Let's run our script under pdb:
python -m pdb jax_hf_04.py
Going up the stack and printing out the self.alphas_cumprod
:
(Pdb) p type(self.alphas_cumprod)
<class 'torch.Tensor'>
we notice that this variable alphas_cumprod did not move the jax
device
as pipe.to('jax')
should have done.
Turns out, the scheduler object in pipe
, of type PNDMScheduler
is not
a torch.nn.Module
so tensors on it doesn't get moved with the to
syntax:
(Pdb) p self
PNDMScheduler {
"_class_name": "PNDMScheduler",
"_diffusers_version": "0.35.1",
"beta_end": 0.012,
"beta_schedule": "scaled_linear",
"beta_start": 0.00085,
"clip_sample": false,
"num_train_timesteps": 1000,
"prediction_type": "epsilon",
"set_alpha_to_one": false,
"skip_prk_steps": true,
"steps_offset": 1,
"timestep_spacing": "leading",
"trained_betas": null
}
(Pdb) p isinstance(self, torch.nn.Module)
False
With this identified, we can move it to ourselves.
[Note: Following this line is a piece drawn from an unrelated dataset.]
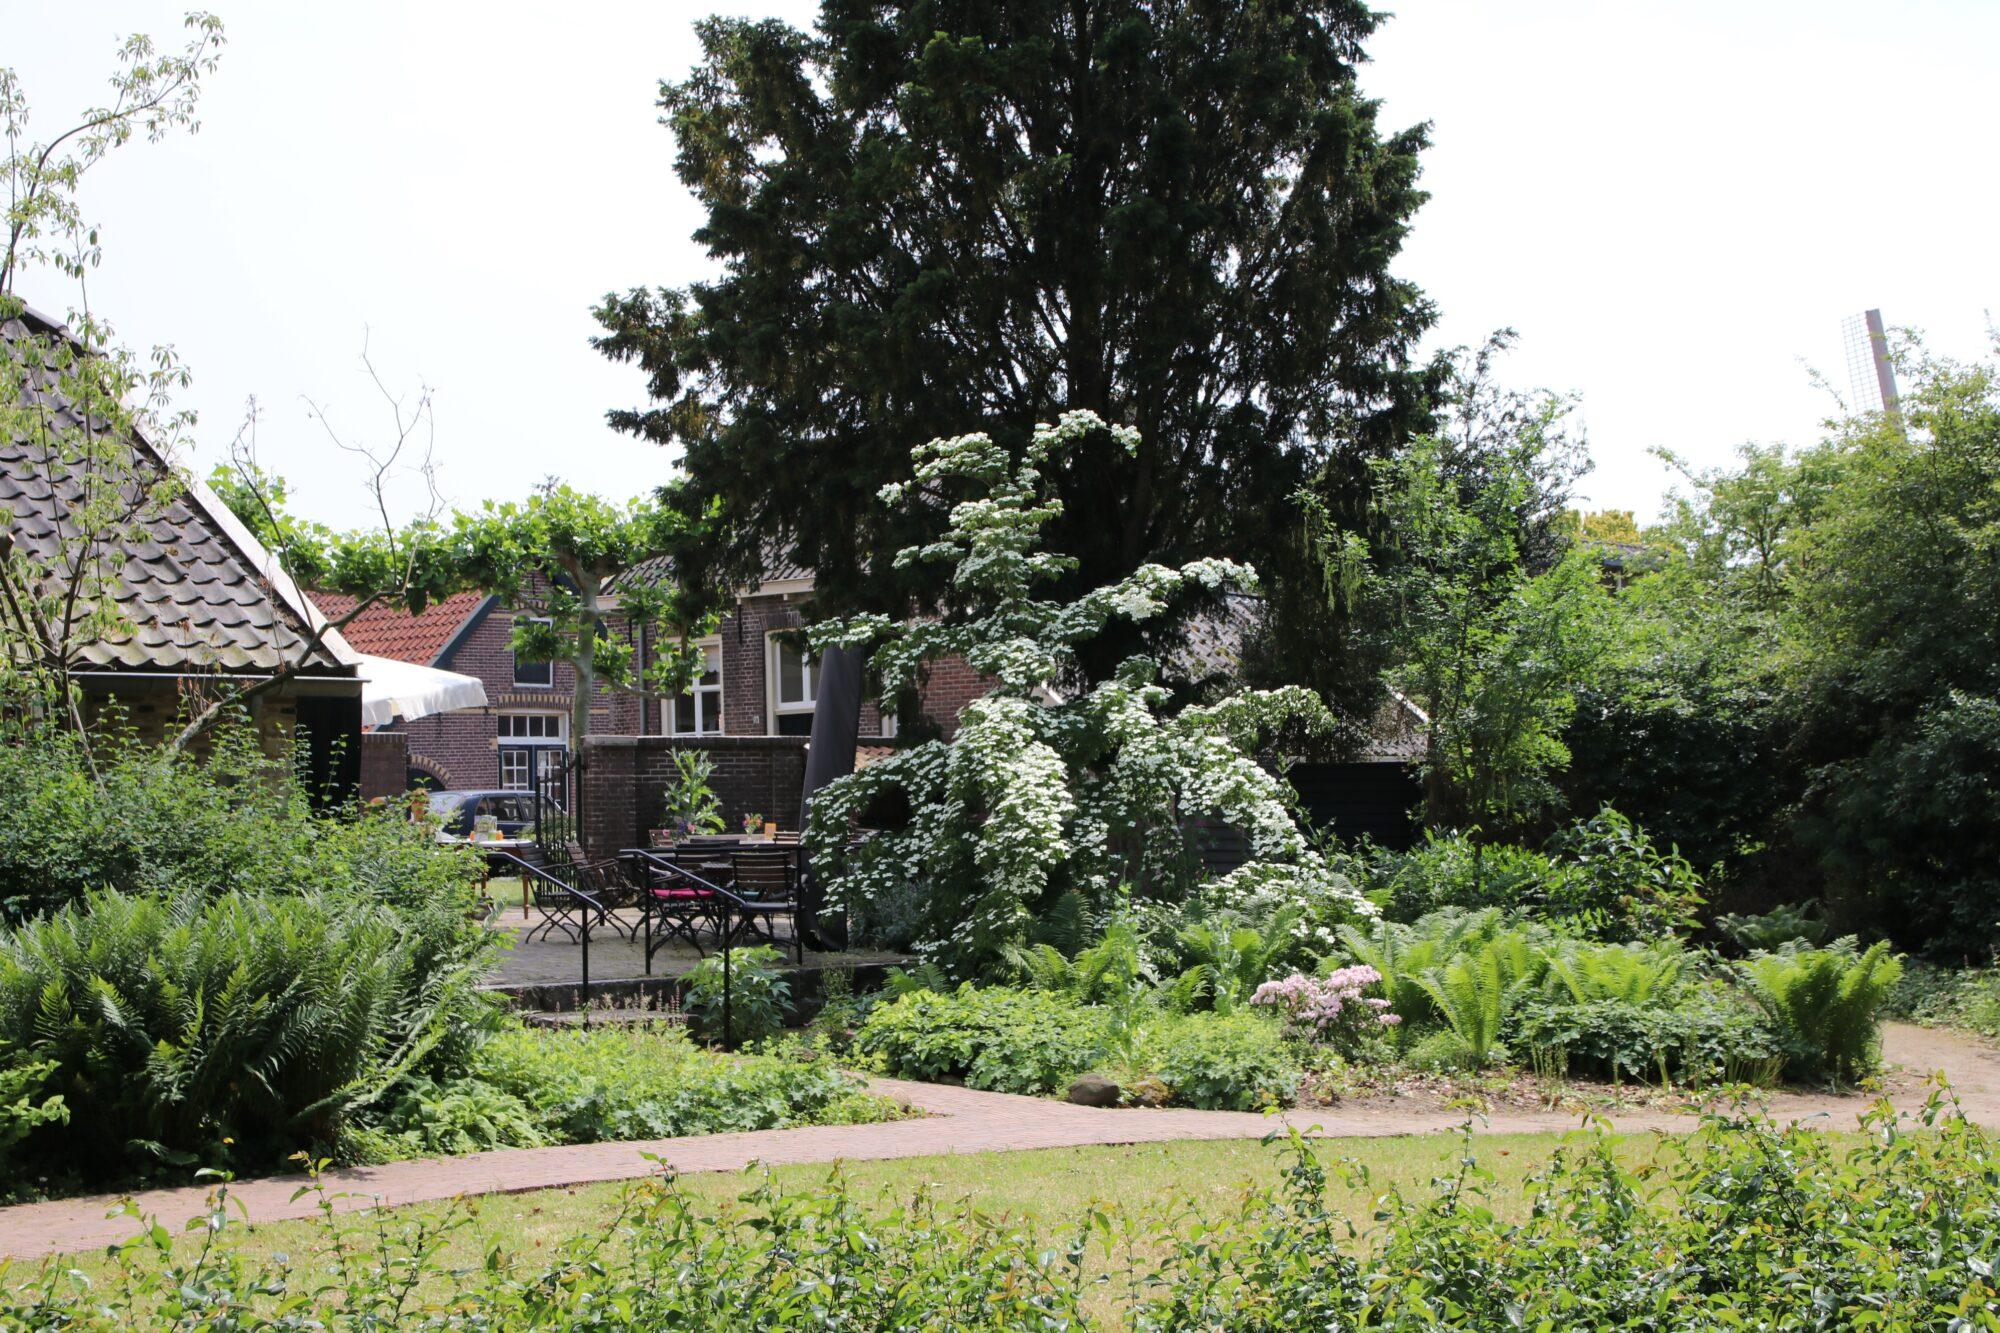 Stinzenplanten in tuin èn galerie

Let's add the following function
def move_scheduler(scheduler):
for k, v in scheduler.__dict__.items():
if isinstance(v, torch.Tensor):
setattr(scheduler, k, v.to('jax'))
and call it right after pipe.to('jax')
pipe.to('jax')
+ move_scheduler(pipe.scheduler)
...
Adding this makes above script run successfully, and we got our first image:
Compiling VAE
Despite that the above script finish running, and despite of this line
pipe.vae = torchax.compile(pipe.vae)
We actually didn't run the compiled version of VAE. Why? Because by default
torchax.compile
only compiles the forward
method of the module (as specified here). VAE when it
is getting called, the decode
method is getting called instead.
pipe.vae = torchax.compile(
pipe.vae,
torchax.CompileOptions(
methods_to_compile=['decode'],
jax_jit_kwargs={'static_argnames': ('return_dict', )}
)
)
the correct version is to replace it with the above.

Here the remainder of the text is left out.